While stem cell research has progressed rapidly since the initial report of human ES cell isolation (Thomson et al., 1998), the majority of published articles have focused primarily on three general areas. Many reports have examined the expression of various genes that are believed to indicate the pluripotency status of stem cells (so-called “stemness”), such as alkaline phosphatase, Oct 4 or SSEA 4. Researchers must verify that the expression of such markers is stable for each cell line during prolonged periods of cell culture in order to verify that the pluripotent condition has not been lost. Another major focus involves physiological cell culture and microenvironment conditions that lead to uniform directed differentiation of stem cells into specific cell types. The third research thrust focuses on reducing possible xenogenic complications arising from cell culture techniques. Human ES cells are typically grown on a layer of mitotically-inactive fibroblasts (commonly mouse fetal fibroblasts), called a “feeder layer”, in the presence of fetal calf serum supplements. Although this approach has been moderately successful in supporting proliferation of ES cells, it is fraught with problems. For example, it has been demonstrated that mouse cell surface antigens have translocated into the plasma membrane of some ES cell lines (Martin et al., 2005), and the potential for transfer of murine or bovine viruses into human ES cells also exists (Tailor et al., 1999). These xenogenic concerns will preclude use of many human ES cell lines for therapeutic purposes. To avoid these complications, several laboratories have reported some success in culturing ES cells either on human fibroblasts, without using any feeder layer, and/or without fetal serum (Richards et al., 2002, Hovatta et al., 2003, Amit et al., 2004, Heins et al., 2004, Rosler et al., 2004, Valbuena et al., 2006), but these culture conditions are technically challenging and not yet widely used. There is the possibility that growing ES cells without feeder layers will not constitute superior growth conditions (Richards et al., 2004), and there is the possibility that cells acquire different biological properties under such culture conditions.

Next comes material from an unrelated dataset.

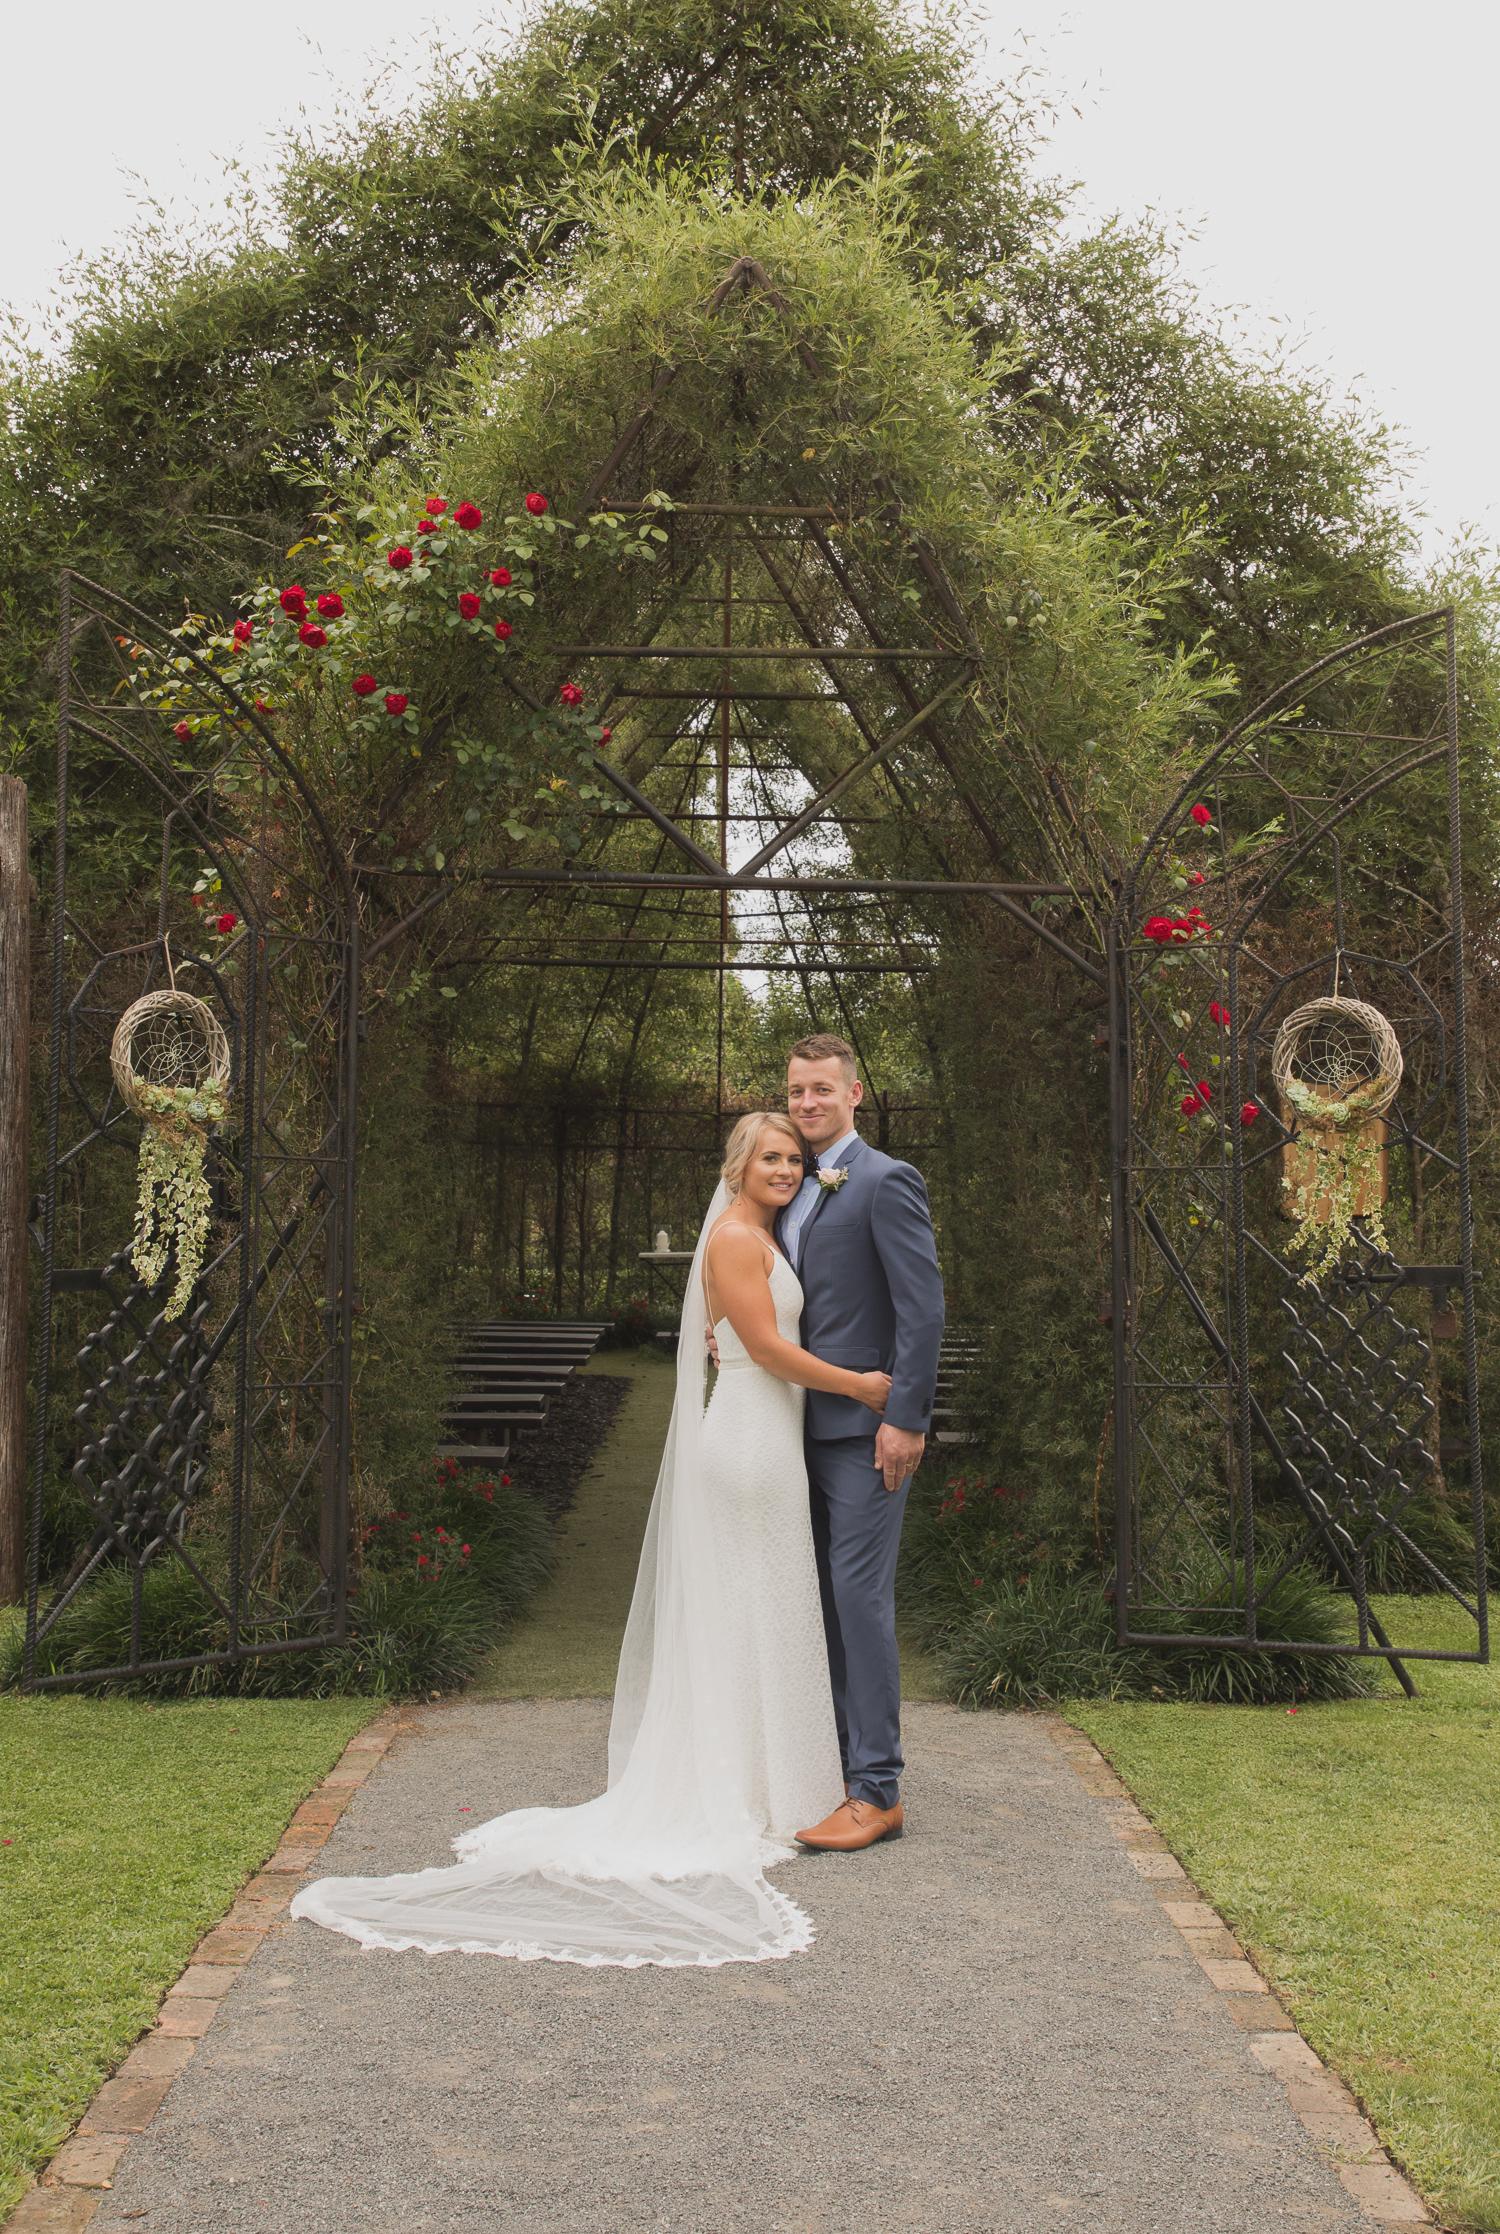 bride and groom at Ohaupo Tree Church wedding

The fundamental importance of stem cell stability in culture conditions, and the consequent maintenance of pluripotency or multipotency, has led to searches for indicators of what is commonly referred to as “stemness”. Expression of such markers might indicate not only if the stem cells are normal, but also whether they are fully capable of differentiation. There is a serious lack of research on functional cellular markers of stem cells, such as ultrastructural morphology, metabolic profiles or cell signaling pathways. General features of stem cell function need to be identified so that deviations from the normal pattern could then be used to eliminate defective cell lines from further use. Such properties will also be important in comparing cell lines among different laboratories. The phenotypic stability of ES lines cultured for prolonged periods of time must also be addressed because they may not be chromosomally stable after prolonged cell culture passage in the absence of feeder cells (Ludwig et al., 2006).
While most stem cell studies have focused on the activity of the nuclear genome, characteristics of the mitochondrial genome have been largely ignored. Cells from embryos created by in vitro fertilization (IVF) procedures, the source of ES cells, have been reported to exhibit various forms of mitochondrial DNA (mtDNA) mutations, and it is not known if metabolic functions of stem cells are affected by high copy number of mtDNA point mutations or mitochondrial deletions (Gibson et al., 2006). There is a distinct possibility that many of the ES cell lines currently available for study do not represent high quality stem cells. Considering that mutations in mitochondrial DNA have been linked to a wide range of disorders, including diabetes, cardiovascular disease and cancer (Chinney et al., 2002; Liu et al., 2002, Maitra et al., 2005, Birch-Machin, 2006), it is surprising that the mitochondrial properties of stem cells have been largely overlooked. These concerns raise the possibility that the use of aberrant stem cell lines, whether from embryonic or adult sources, for therapeutic cell replacement could lead to the development of cancer. ES cells and cancer cells share several traits, including unlimited self renewal capabilities and the ability to generate a diverse range of other cell types. The possible presence of stem cell populations in tumors (Huntley and Gilliland, 2005, Clarke and Fuller, 2006) has many implications for the diagnosis and treatment of cancers, since the most effective way to eliminate the disease would be to target cancer stem cells for destruction. Thus, mtDNA anomalies could have widespread implications for the biomedical applications of stem cells as well as for studies on their behavior in vitro.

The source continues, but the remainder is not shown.